January 8, 2021
2020 was a tough year—and for many, it was a year we’d like to leave in the past. 2021 will hopefully be the year that we get back to doing what we love most—spending time with our horses.
For many equestrians, getting back to competing is a top priority. After a long break, we asked how International Showjumping groom Dan Ingratta is getting organized and prepared for the 2021 show season. Dan is the head groom at Millar Brooke Farm—home of Ian Millar (a.k.a. Captain Canada), where he has spent the last 10 years traveling the world, caring for Olympic-level showjumpers. Currently, Millar Brooke Farm's focus is on getting back to horse showing, starting with the Wellington Equestrian Festival (WEF). Here are Dan's tips for getting ready for the new show year.
What are your and your barn’s goals for 2021?
My goals are to try and get back to “normal.” We had a very different spring, summer and fall. It was different, not bad. Personally, I missed my horse show family and am looking forward to see everyone again, even if it is socially distanced and masked.
As for the barn, we had a great time showing in Ontario (our home base) this summer and fall. The horse show organizers did a fantastic job.

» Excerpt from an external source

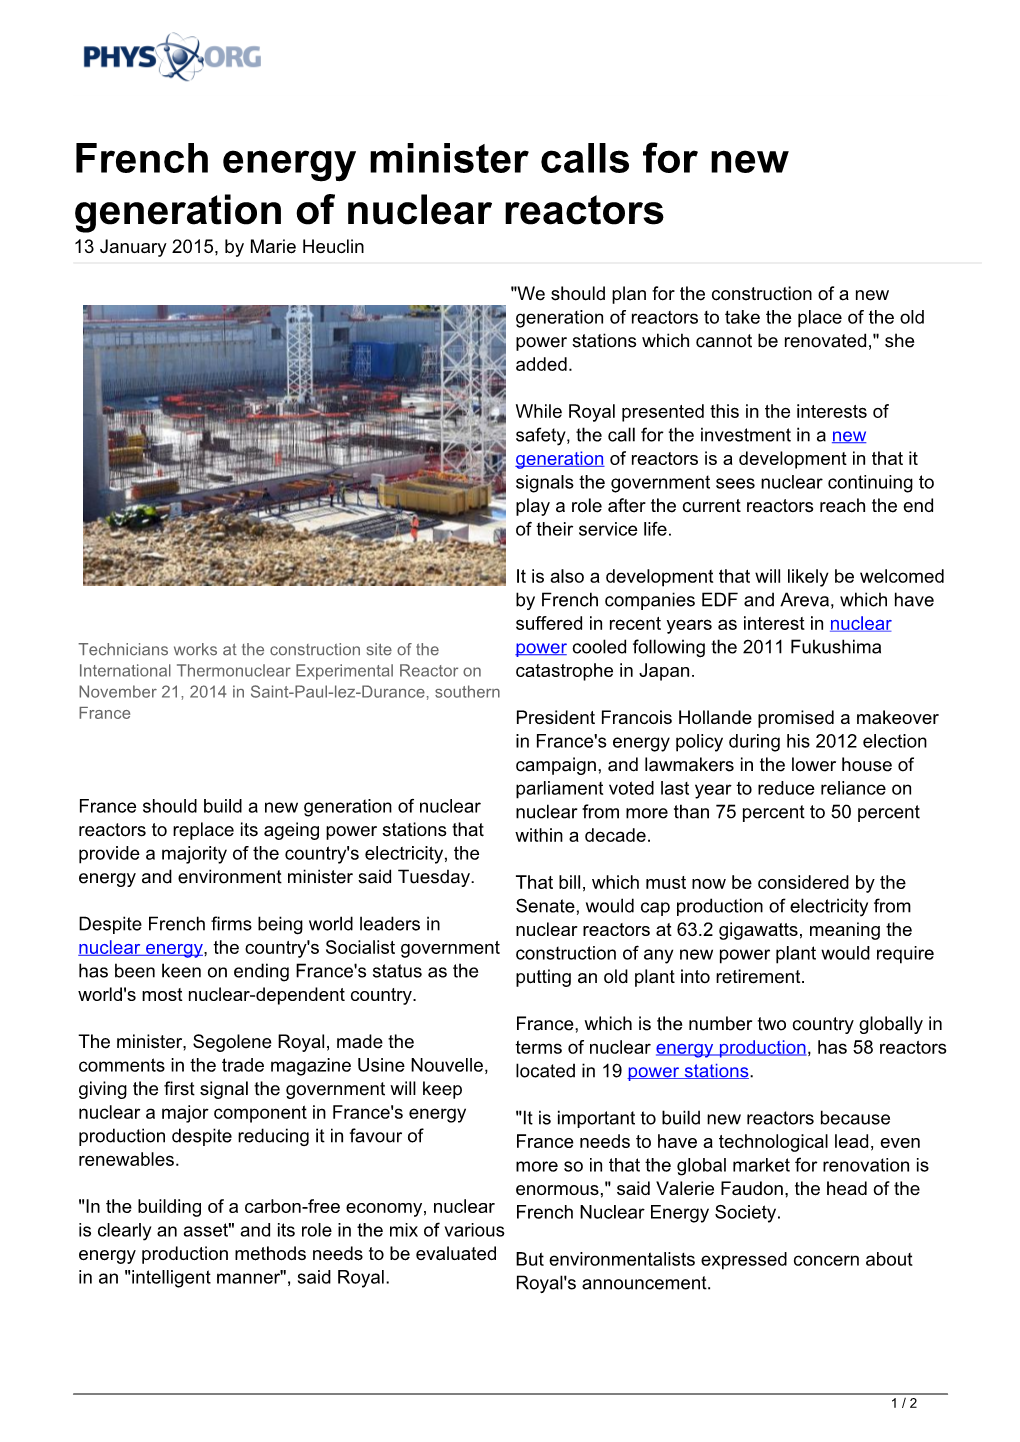 French Energy Minister Calls for New Generation of Nuclear Reactors 13 January 2015, by Marie Heuclin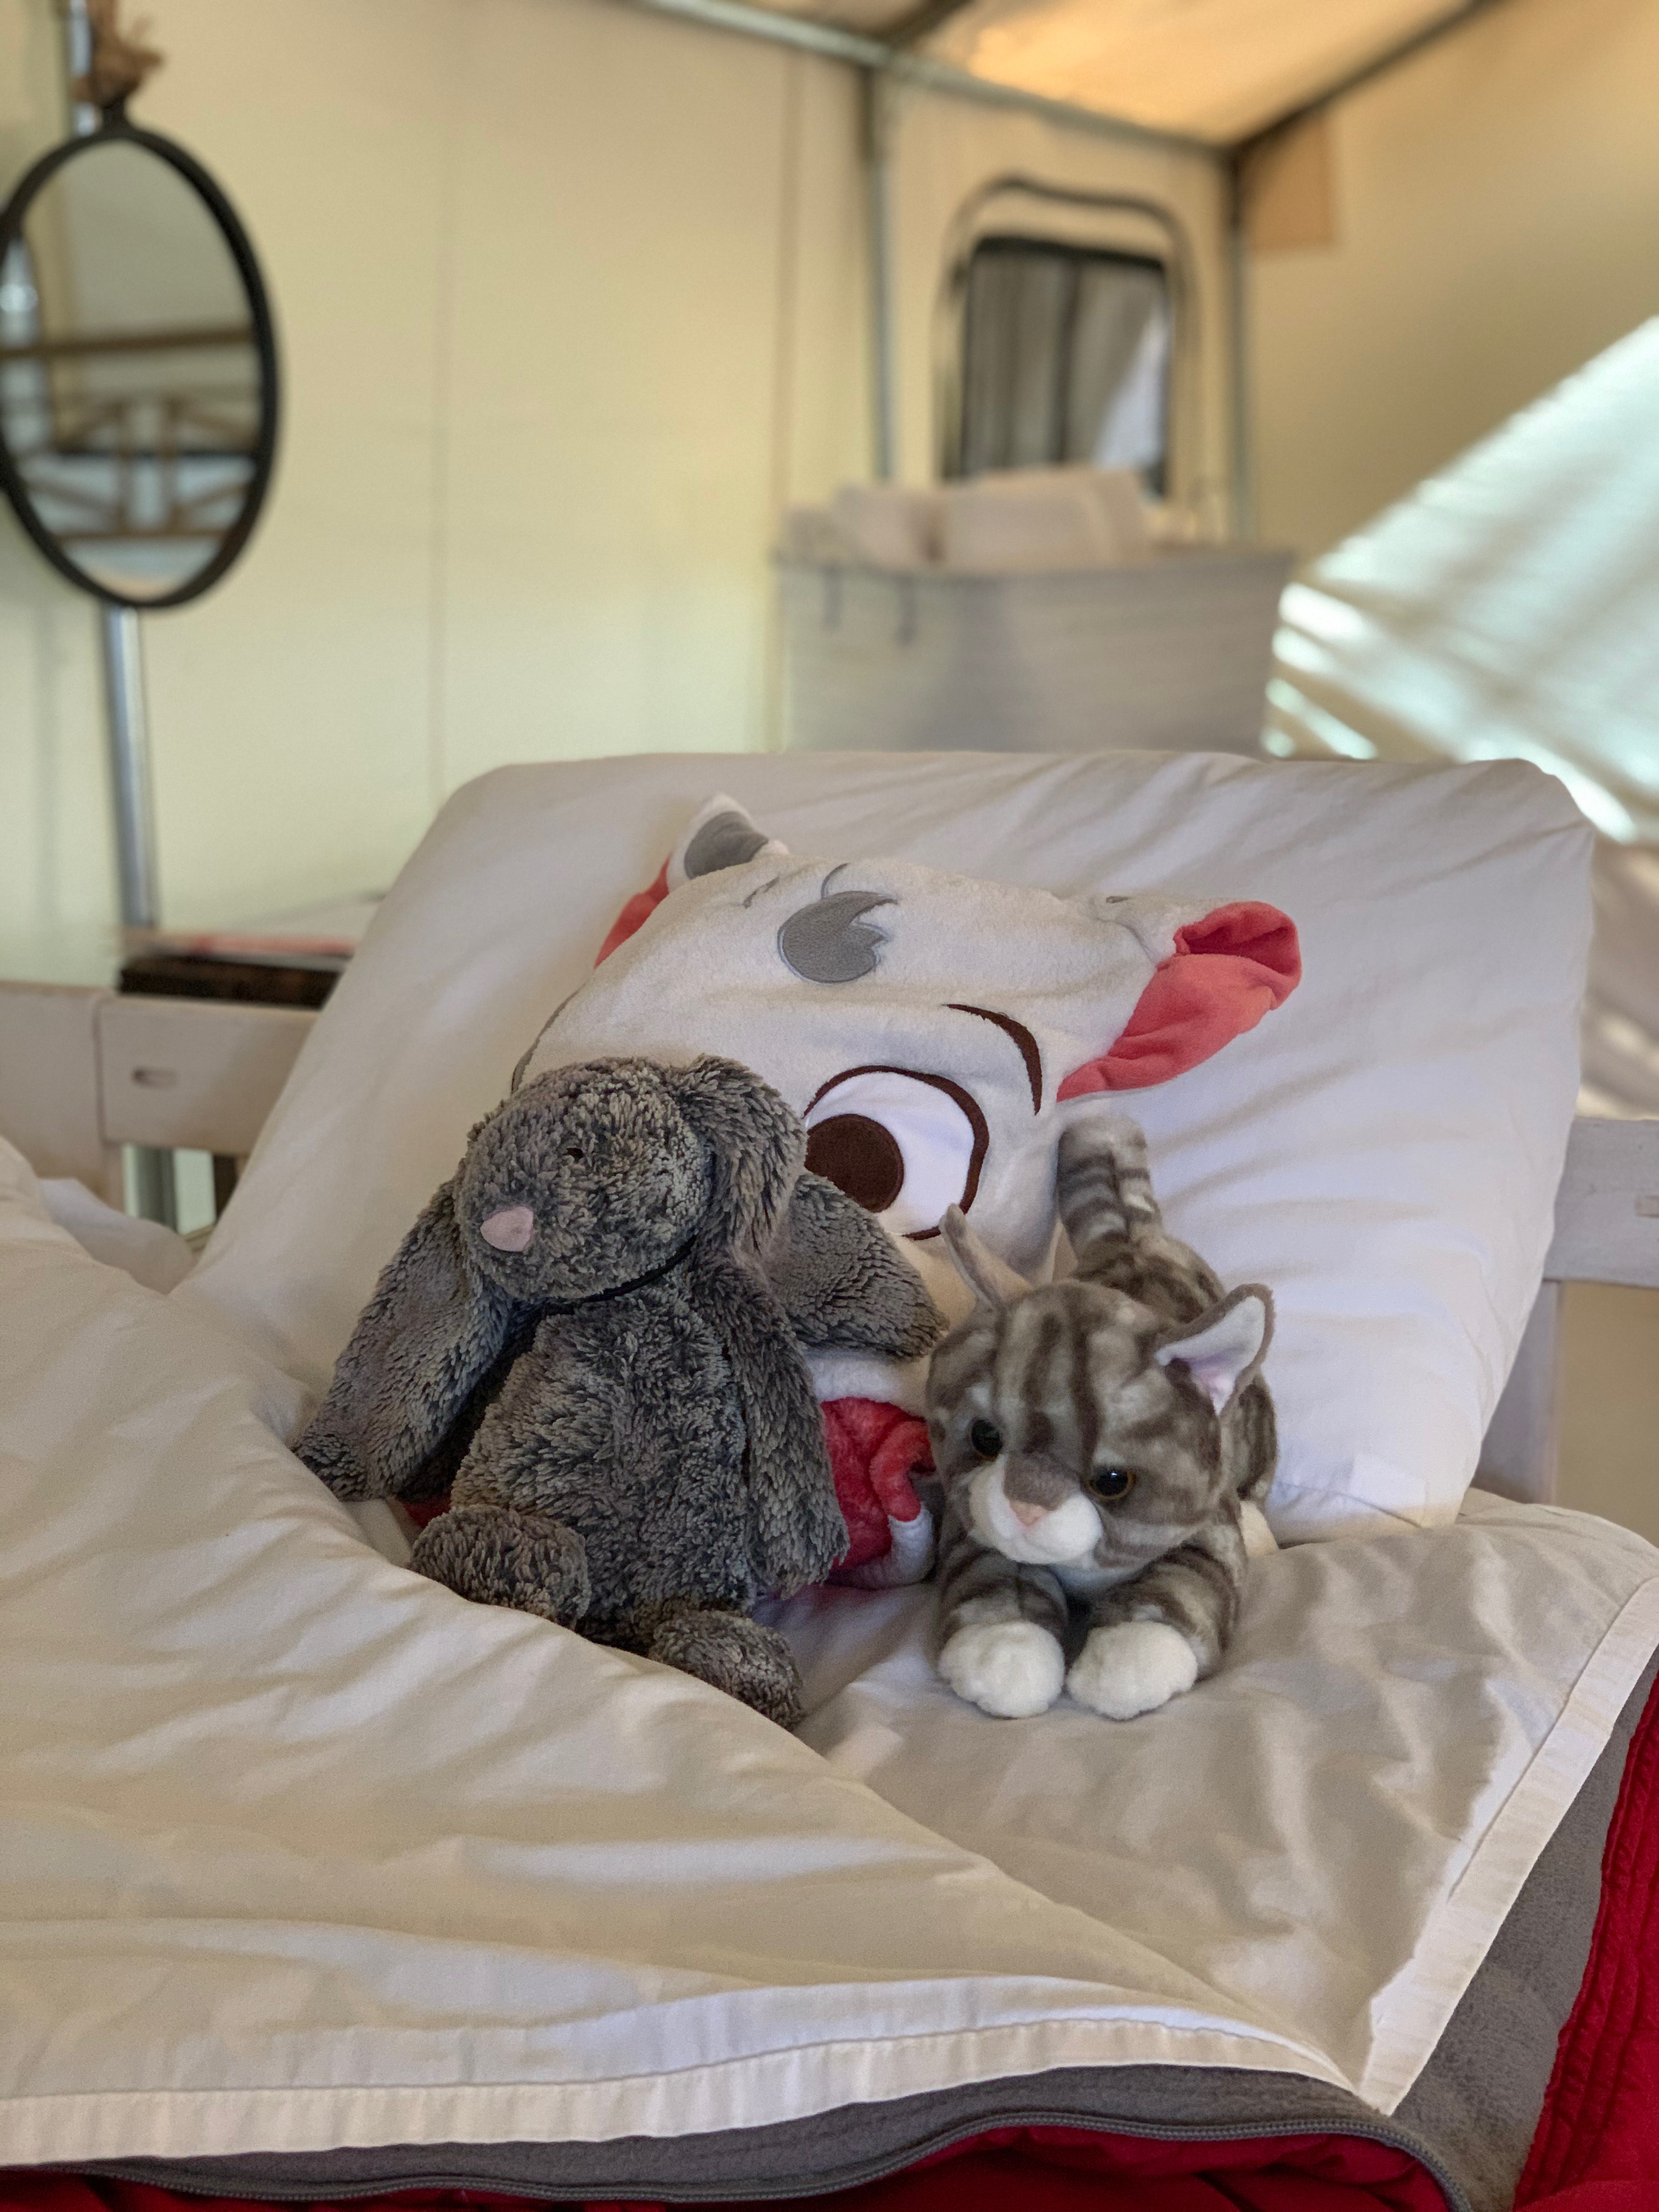 stuffed animals on a bed in a safari tent

We are excited to travel again and share our home base with other competitors.
How are you preparing for 2021 both for yourself and for your horses?
2021 is going to come at us hard and fast. Everyone has been on a bit of a break and is ready to get back into the competition ring. We have been working on strength and fitness a lot, and hopefully it pays off as we move forward. I honestly think some of our horses are also ready to get back into the ring 2020 was a year—some of them thrive on it.
Image courtesy of Andree-Anne Brunet Photography.
What are some things that you work on now or at the end of last year to help set you up for the year ahead?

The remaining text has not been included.